My mask is a performance for people to feel more comfortable in my presence. I come accross as talkative, lively, confident and funny. However, that is years of practice and it is exhausting for me to do. There are some days I just don't feel like talking but know I have to talk otherwise people will assume I am sad. I like to be with my own thoughts.

My autism makes me:

-hyper focus I can get so engrossed in a task I forget to eat and take breaks.

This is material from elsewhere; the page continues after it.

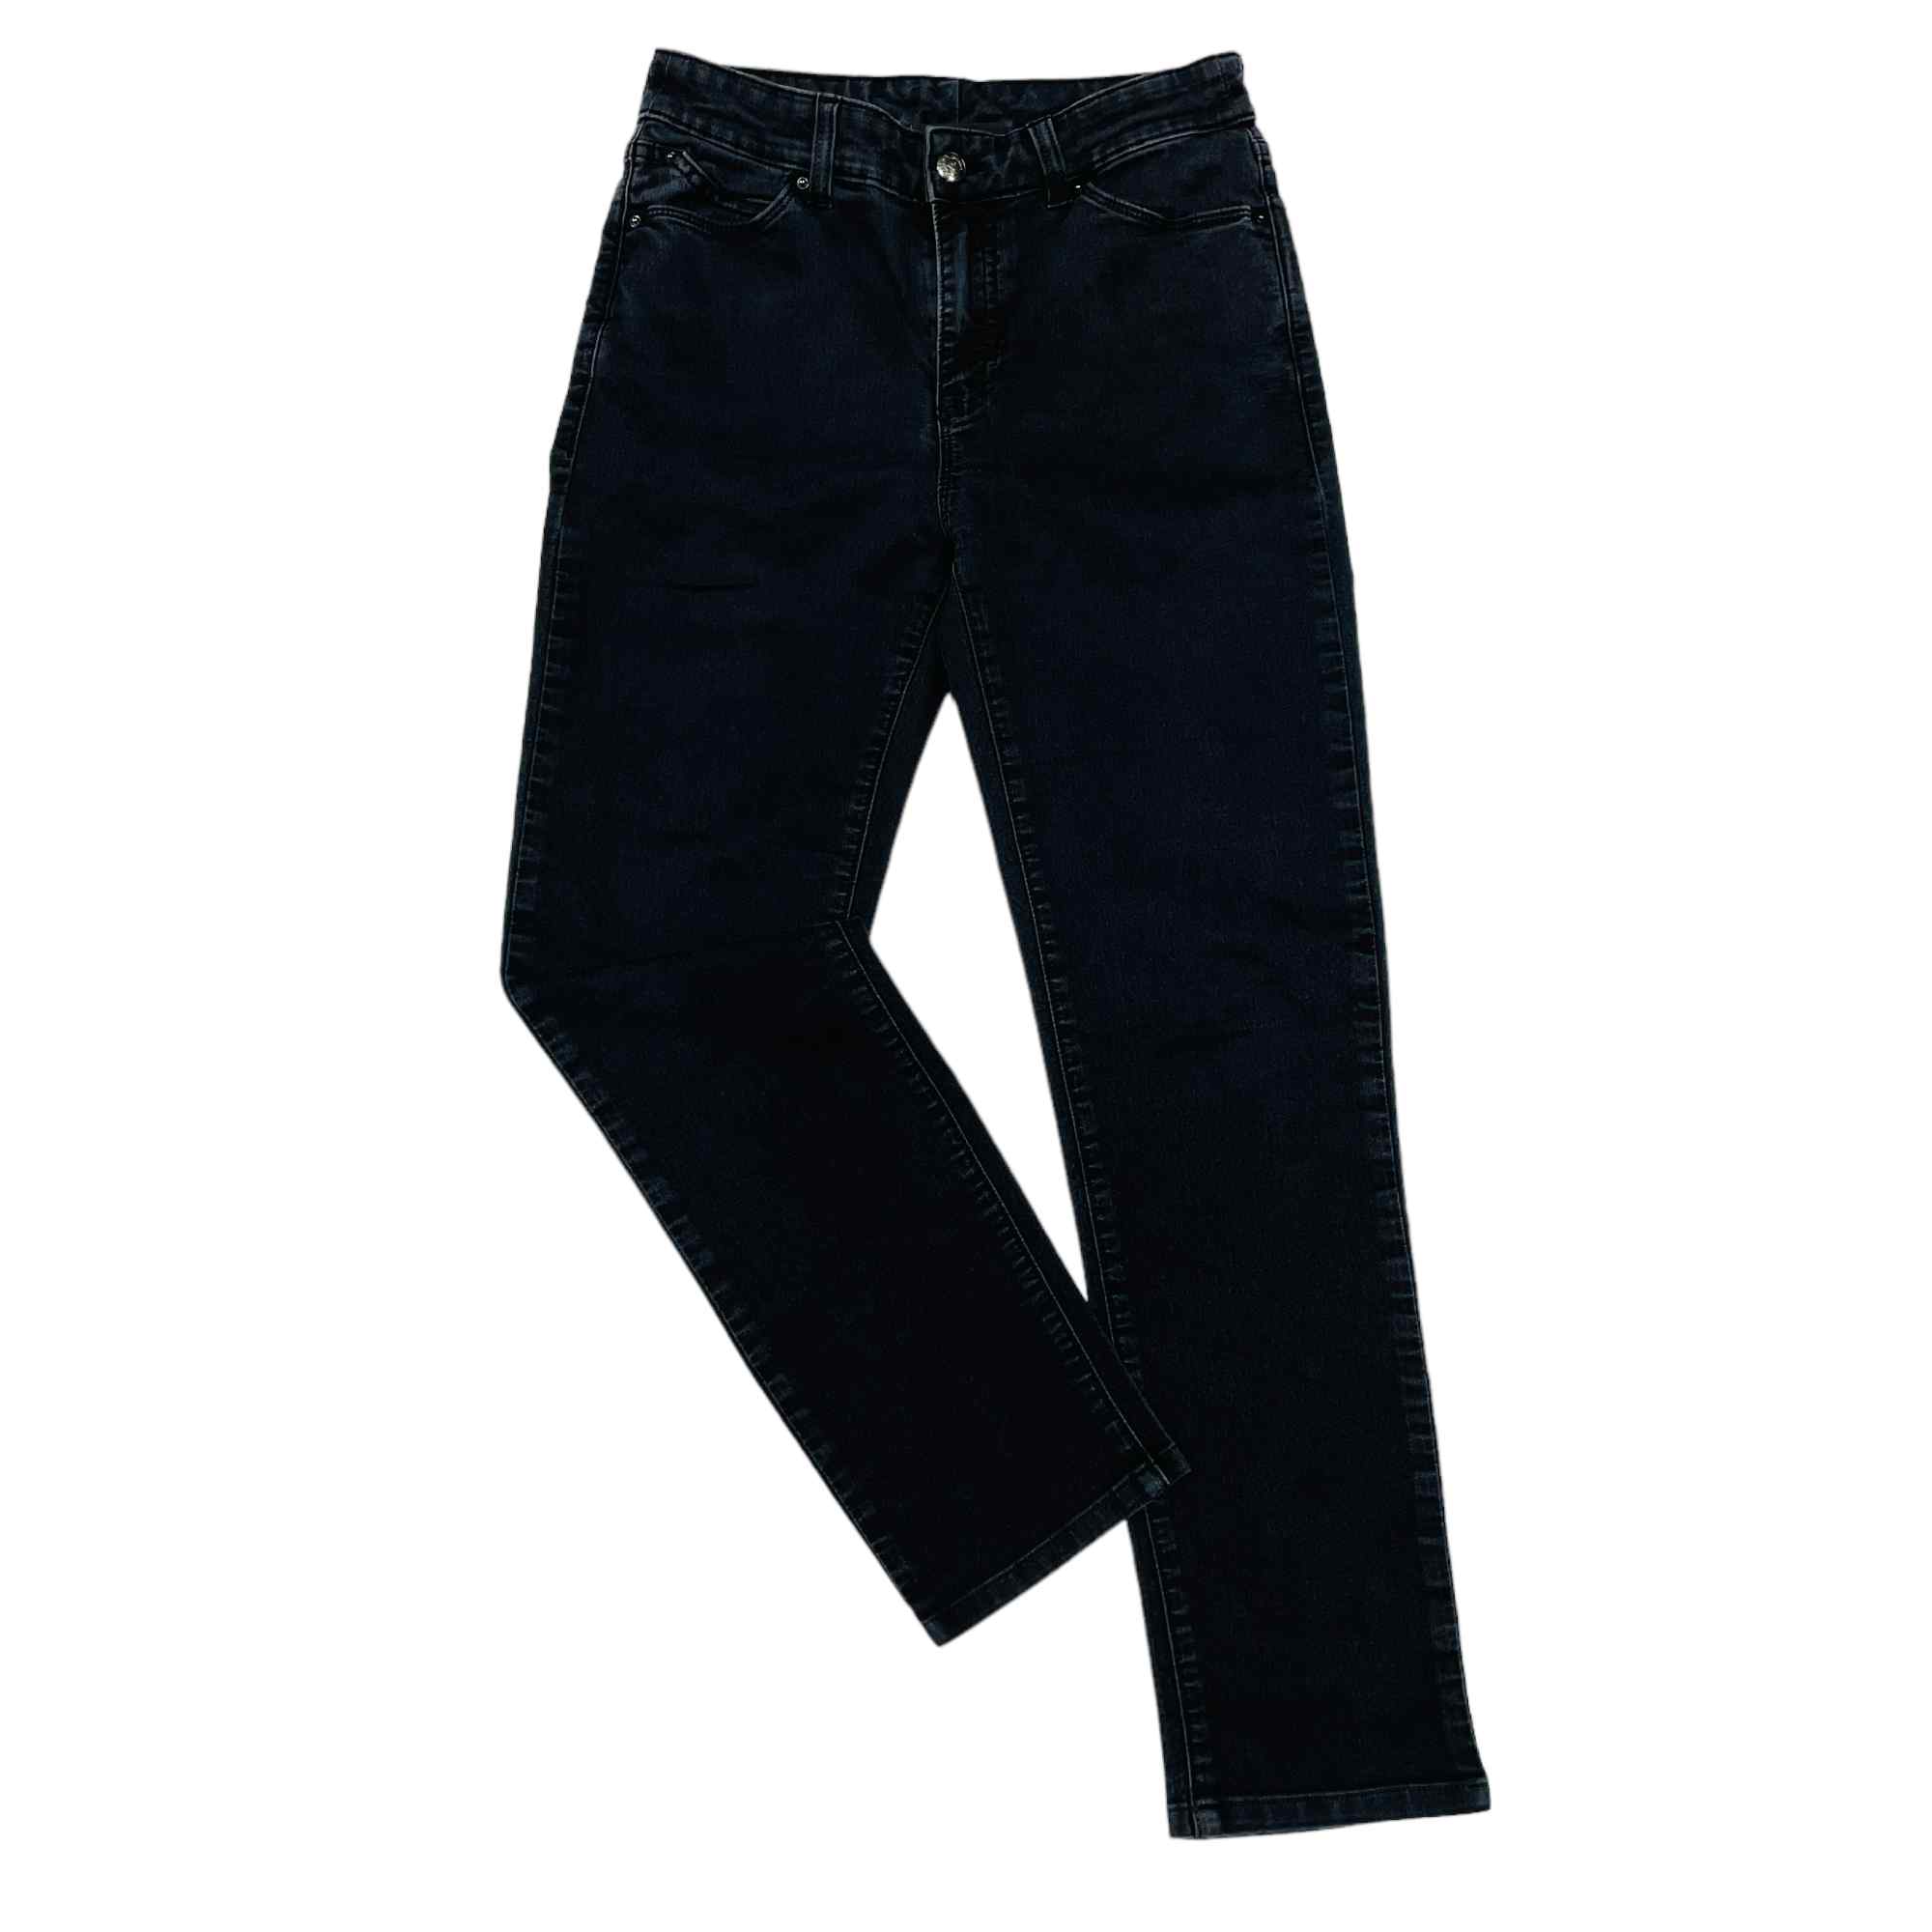 Armani Jeans - W26 L24

- stressed about noises. I suffer with sensory overload. Going on a plane terrifies me for fear of being locked in with someone reading a newspaper or sucking on sweets or eating a bag of crisps. Technology has made this a lot less stressful with netflix and noise cancelling ear phones

-certain smells comfort me others make me unable to breathe properly

-bright lights make me dizzy. I don't like going into Tesco or Asda at night because it can be quite overwhelming

-I hate bars without music. Music is something that gives me comfort but places like weatherspoons are problematic for me because there is too much radio noise with people talking. I can hear every conversation and scrape of a plate so I like a bit of background music to focus on that and keep me calm.

-I am a visual learner and verbal instructions take longer for me to process. Be patient when I ask you to explain.

-I am above average intelligence and have a photographic memory however, I will never be a manager because I can't play the game well enough and labels don't really interest me. If you need a title to quantify your success in life it says more about you than me.

- I see people for people. I don't see colour or difference people are just people and everyone is different. I will watch how others treat and speak about other people and decide from there if I like someone or not.

- I cannot lie. I am a terrible liar. It's written all over my face and doesn't come naturally to me.

- when I don't understand something I go away and research it until I do

Despite my difficulties I cope by

- taking breaks from comms (my phone has a do not disturb function)

- I have a sensory diet. This is where I lie in a dark room, read a book, wear noise cancelling headphones, stick to a routine. It helps me recharge.

-keep an eye on my body. I dont understand my feelings so I watch for my irratibility and mood. If I cry for no reason its a sign I am overwhelmed and need a break.

-avoid triggers

-work with my employer to help me and them.

Autism is on the whole alright. I see things in a unique way and don't want to be cured. Being autistic is not a tragedy. It is who I am and I am very comfortable with who I am.